Chauncey Gardiner (actually, Chance the gardener), was the mentally incapacitated gardener played by Peter Sellers in the screen version of Jerzy Kozinski's sagacious novel Being There. Chauncey, a man whose life was limited to gardening and watching TV, became, through a series of misapprehensions, the top adviser to officials in Washington, including the President:

President "Bobby": Mr. Gardener, do you agree with Ben, or do you think that we can stimulate growth through temporary incentives?
[Long pause]
Chance the Gardener: As long as the roots are not severed, all is well. And all will be well in the garden.
President "Bobby": In the garden.
Chance the Gardener: Yes. In the garden, growth has it seasons. First comes spring and summer, but then we have fall and winter. And then we get spring and summer again.
President "Bobby": Spring and summer.
Chance the Gardener: Yes.
President "Bobby": Then fall and winter.
Chance the Gardener: Yes.
Benjamin Rand: I think what our insightful young friend is saying is that we welcome the inevitable seasons of nature, but we're upset by the seasons of our economy.
Chance the Gardener: Yes! There will be growth in the spring!
Benjamin Rand: Hmm!
Chance the Gardener: Hmm!
President "Bobby": Hmm. Well, Mr. Gardiner, I must admit that is one of the most refreshing and optimistic statements I've heard in a very, very long time.
[Benjamin Rand applauds]
President "Bobby": I admire your good, solid sense. That's precisely what we lack on Capitol Hill.

President Bobby adopted Chance's optimistic advice in an address before the Financial Institute of America. His speech was the talk of the town. Television, even in that distant past (Being There was written in 1970), was on the spot, with its unfailing ability to trivialize any topic.

The host of "This Evening," a fictional, national TV news show with 40 million viewers, asked Chauncey Gardiner to appear after the Vice President cancelled.

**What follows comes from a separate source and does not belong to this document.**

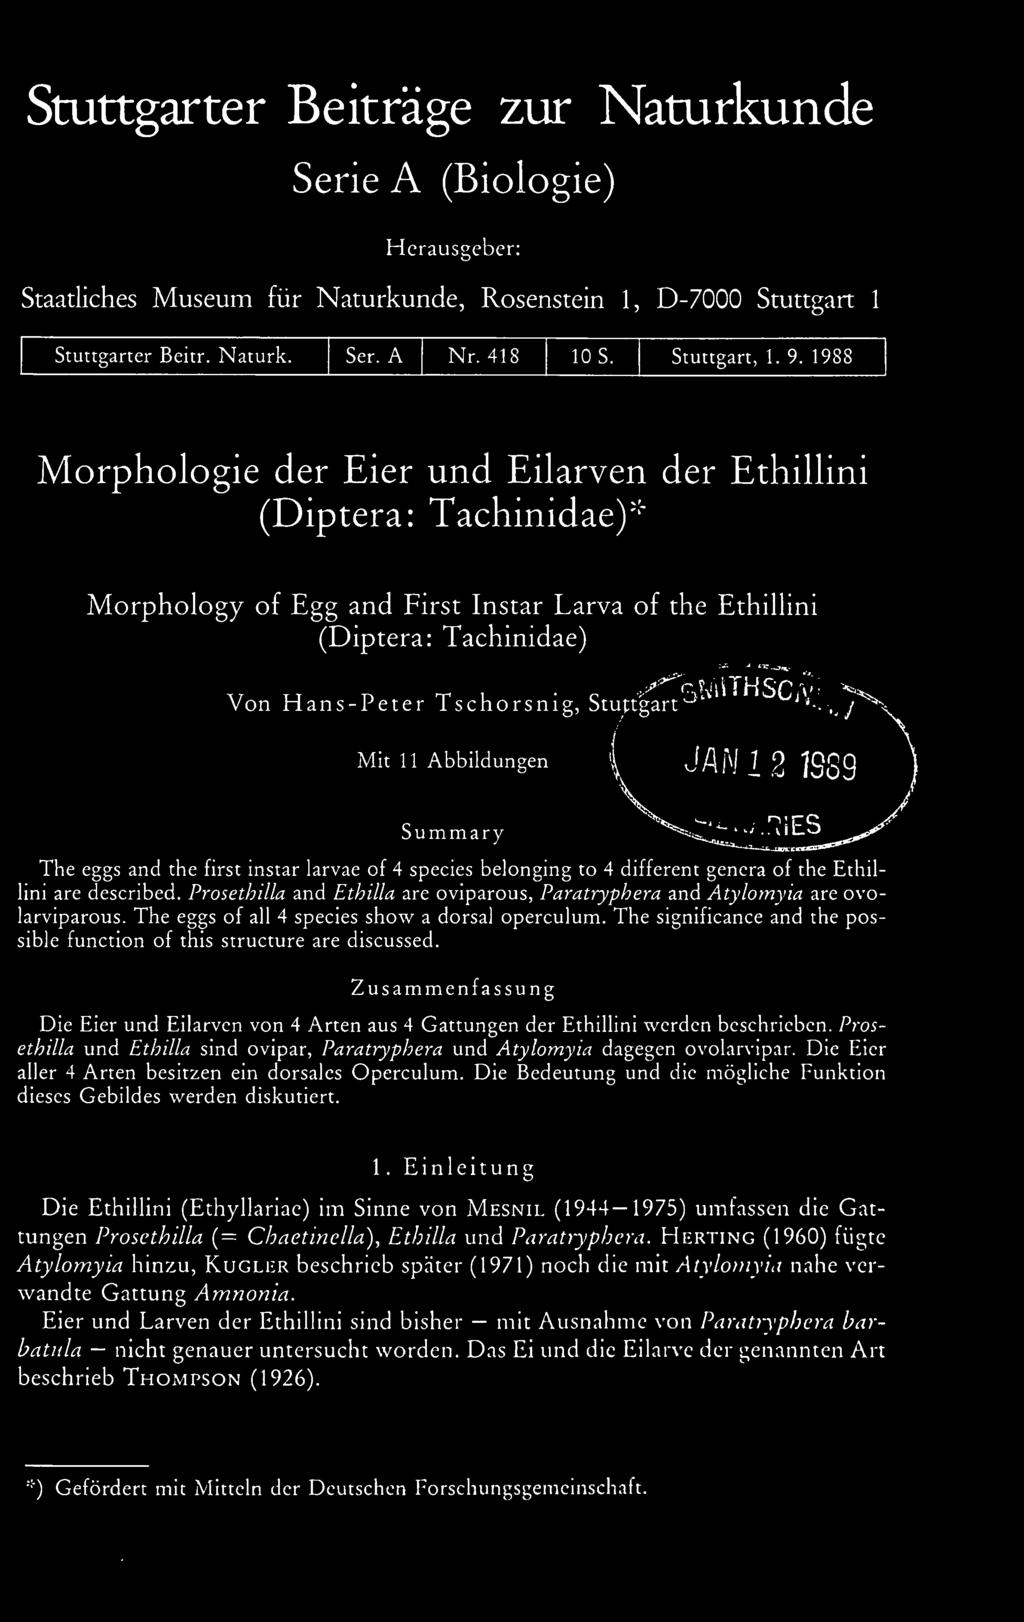 The significancc and the possible function of this structure are discussed. Zusammenfassung Die Eier und Eilarven von 4 Arten aus 4 Gattungen der Ethillini werden beschrieben.

Chauncey was asked for his opinion of the President's address, in which President Bobby "compared the economy of this country to a garden and indicated that after a period of decline a time of growth would naturally follow." Chauncey replied: "I do agree with the President: everything in it will grow strong in due course. And there is still plenty of room in it for new trees and new flowers of all kinds."

At the end of Chauncey's appearance, the host embraced him center stage. The audience's "applause mounted to uproar."

After his "green shoots" prophecy, Chairman Bernanke closed his "60 Minutes" performance. He offered Americans a sunlit future: "I think we will see recession coming to an end, probably this year [2009]. We'll see recovery beginning next year, and it will pick up steam, over time."

In the wake of this rousing prediction from the Chauncey Gardiner of Central Banking, Wall Street TV performers have talked the stock market up 75%. We are seeing new vistas of instability.